Data block >>
◇ ◇ ◇ ◇ ◇ ◇ ◇
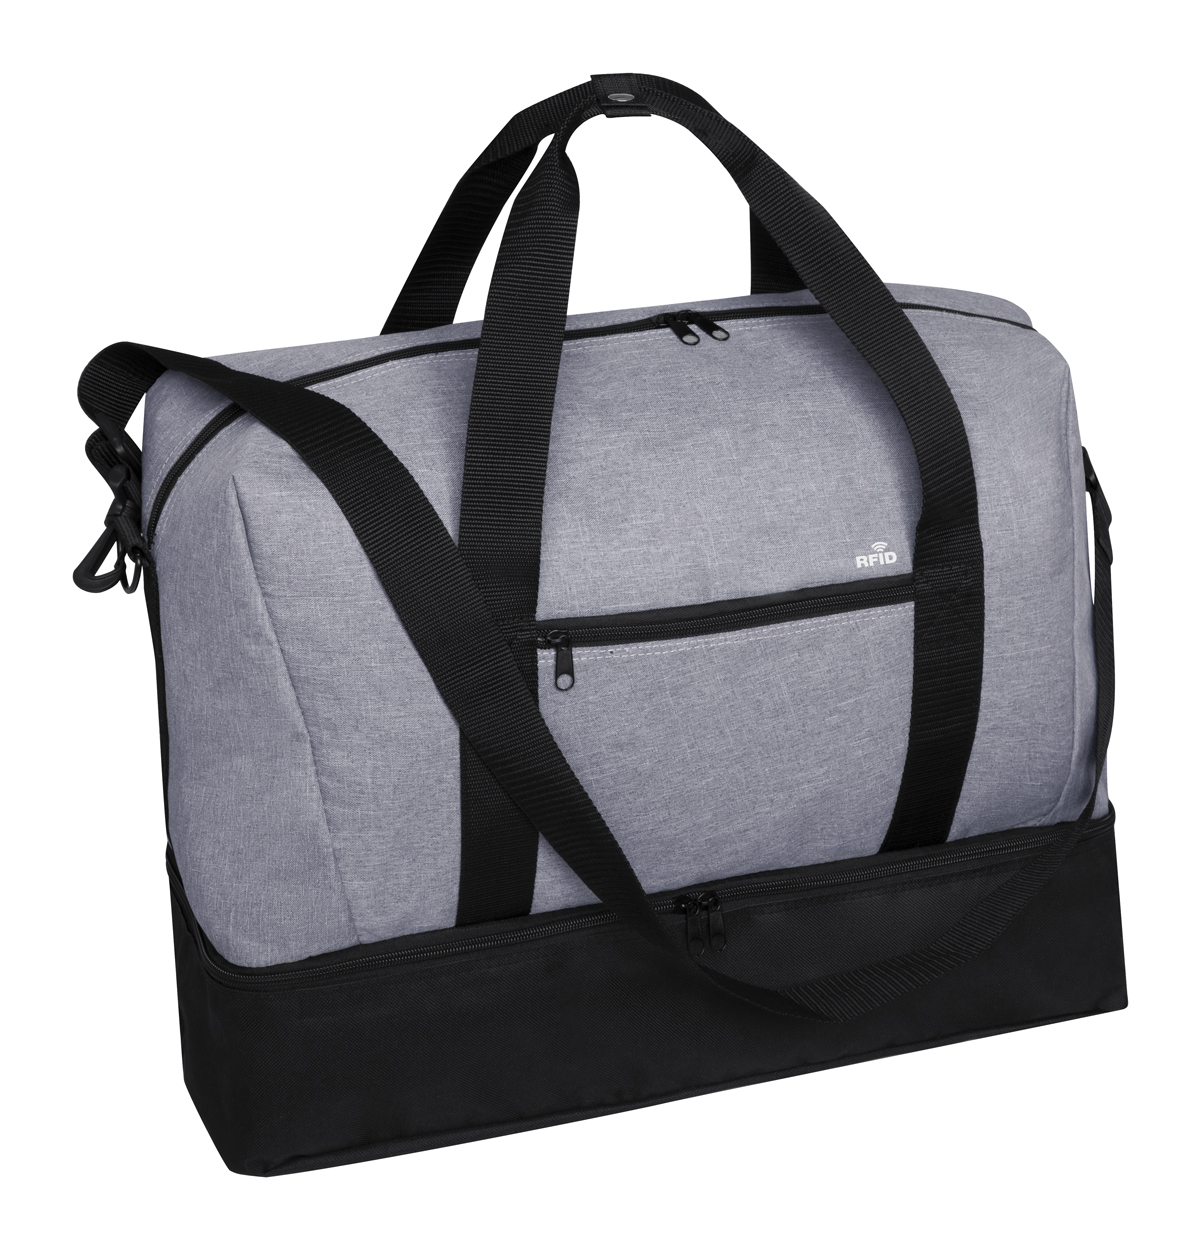 Polyesterová sportovní taška KANIT s kapsou s RFID ochranou - šedý melír / černá
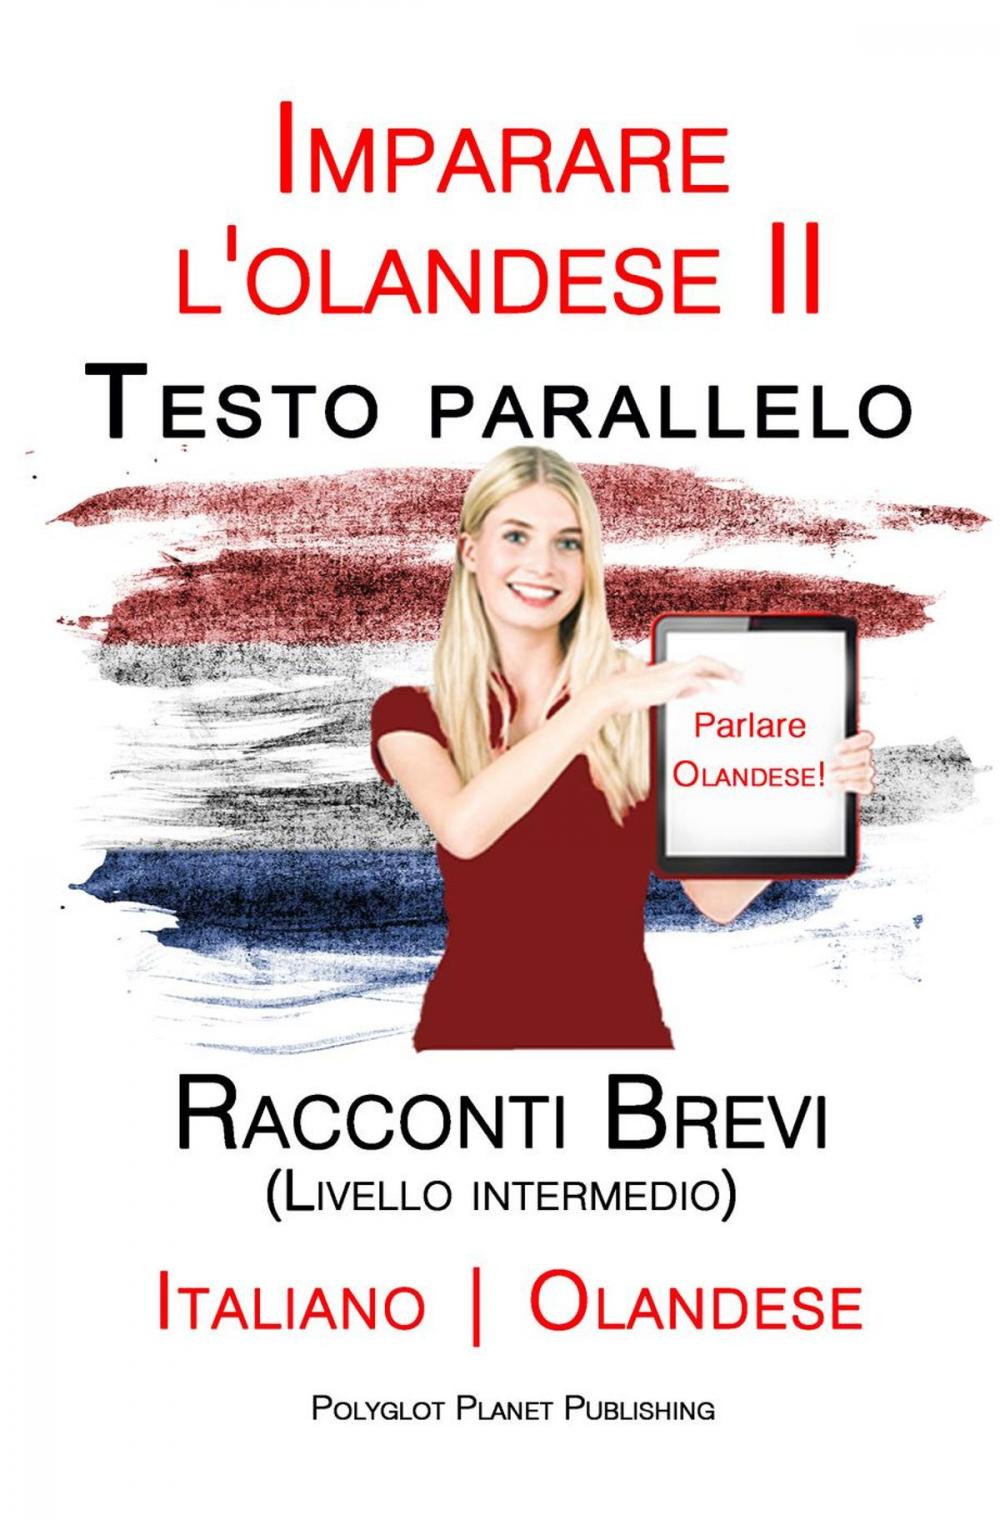 Big bigCover of Imparare l'olandese II - Testo parallelo - Racconti Brevi (Livello intermedio) Italiano - Olandese
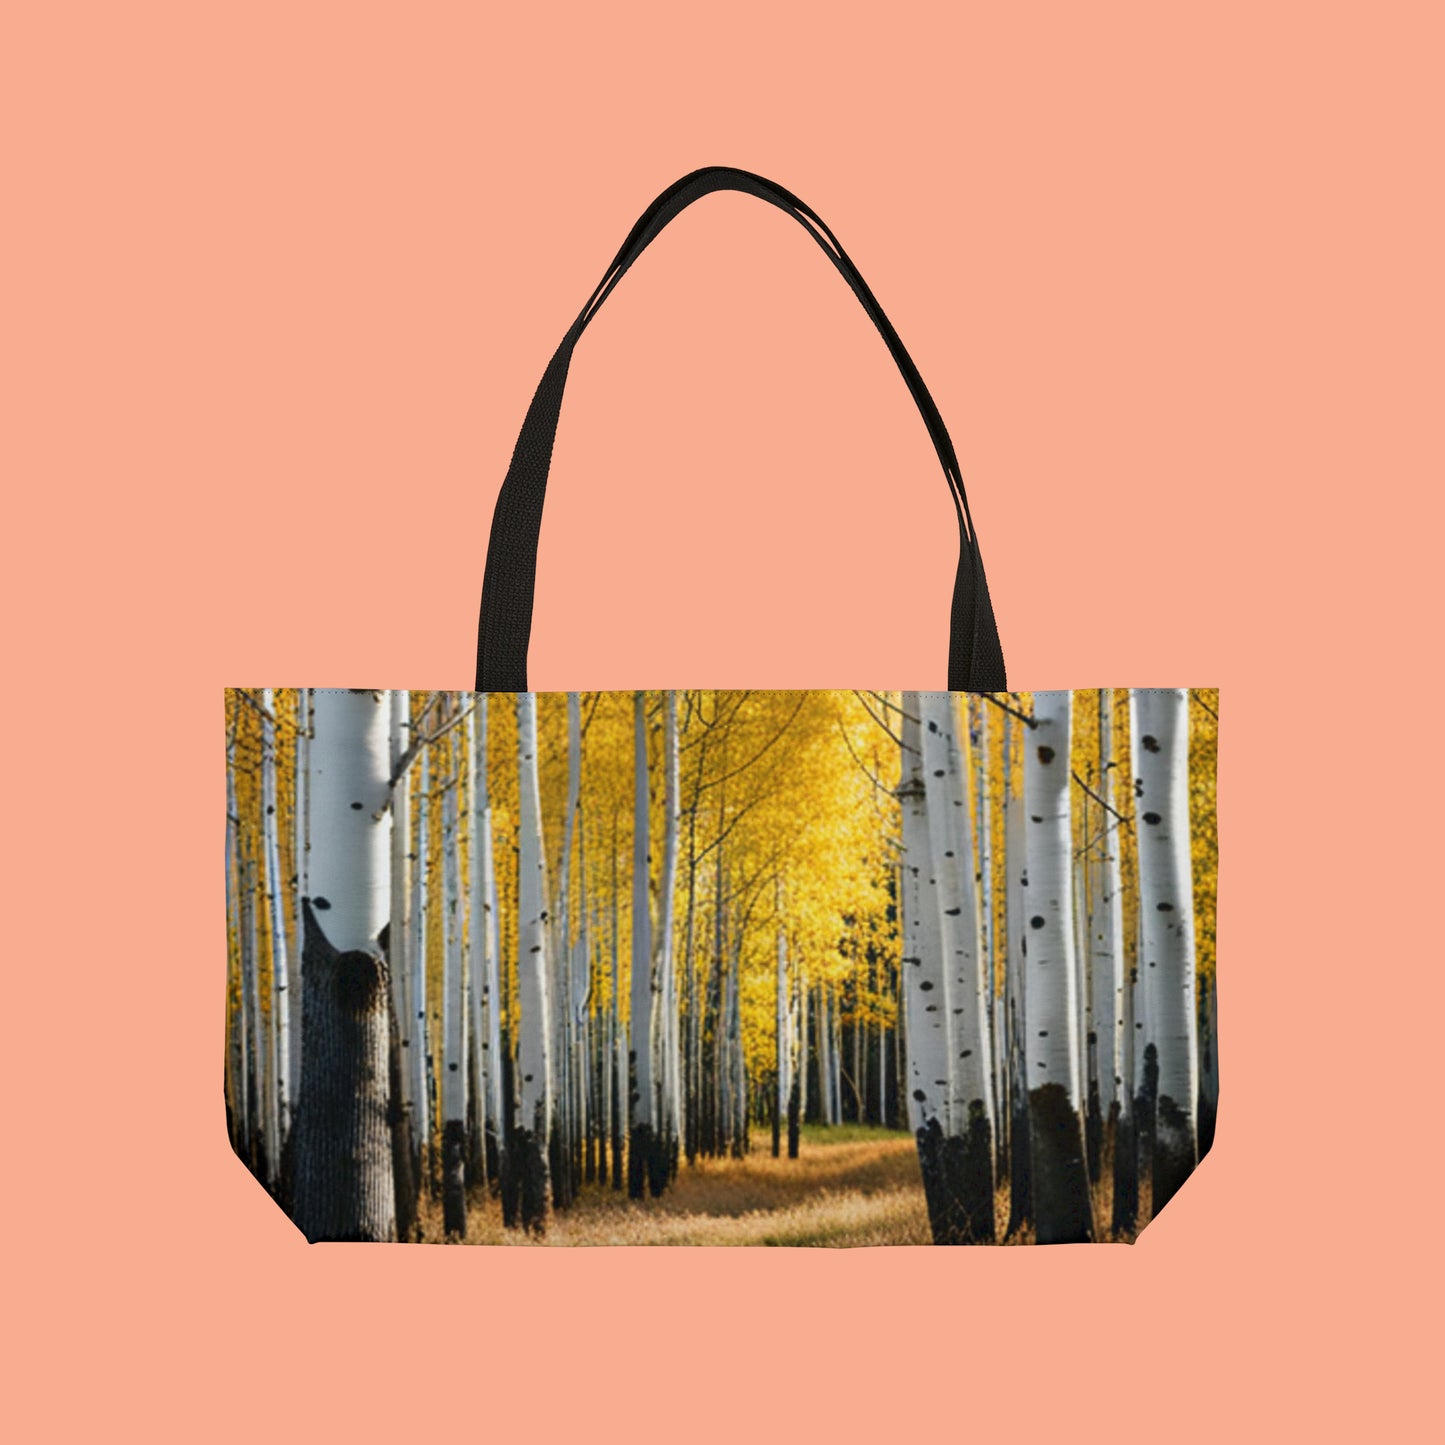 Aspen trees in their splendor on this beautiful Weekender Tote Bag.
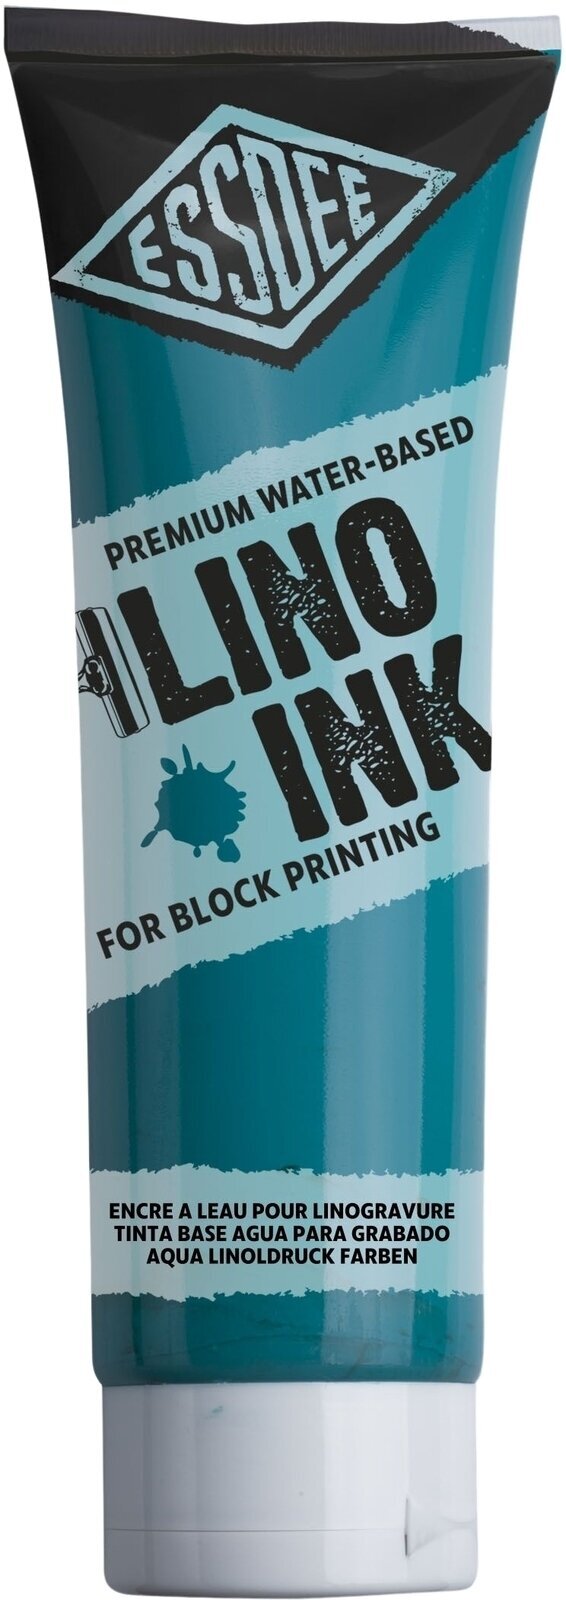 Peintures pour la linogravure Essdee Block Printing Ink Peintures pour la linogravure Turquoise 300 ml
◇ ◇ ◇ ◇ ◇ ◇ ◇
Problem statement >> Nothing but the lines from the line containing "Aspen trees in" through the end of the data, both ends included, is to be reproduced, exactly as written and without the pictures.

Output of the task >>
 Aspen trees in their splendor on this beautiful Weekender Tote Bag.
 Peintures pour la linogravure Essdee Block Printing Ink Peintures pour la linogravure Turquoise 300 ml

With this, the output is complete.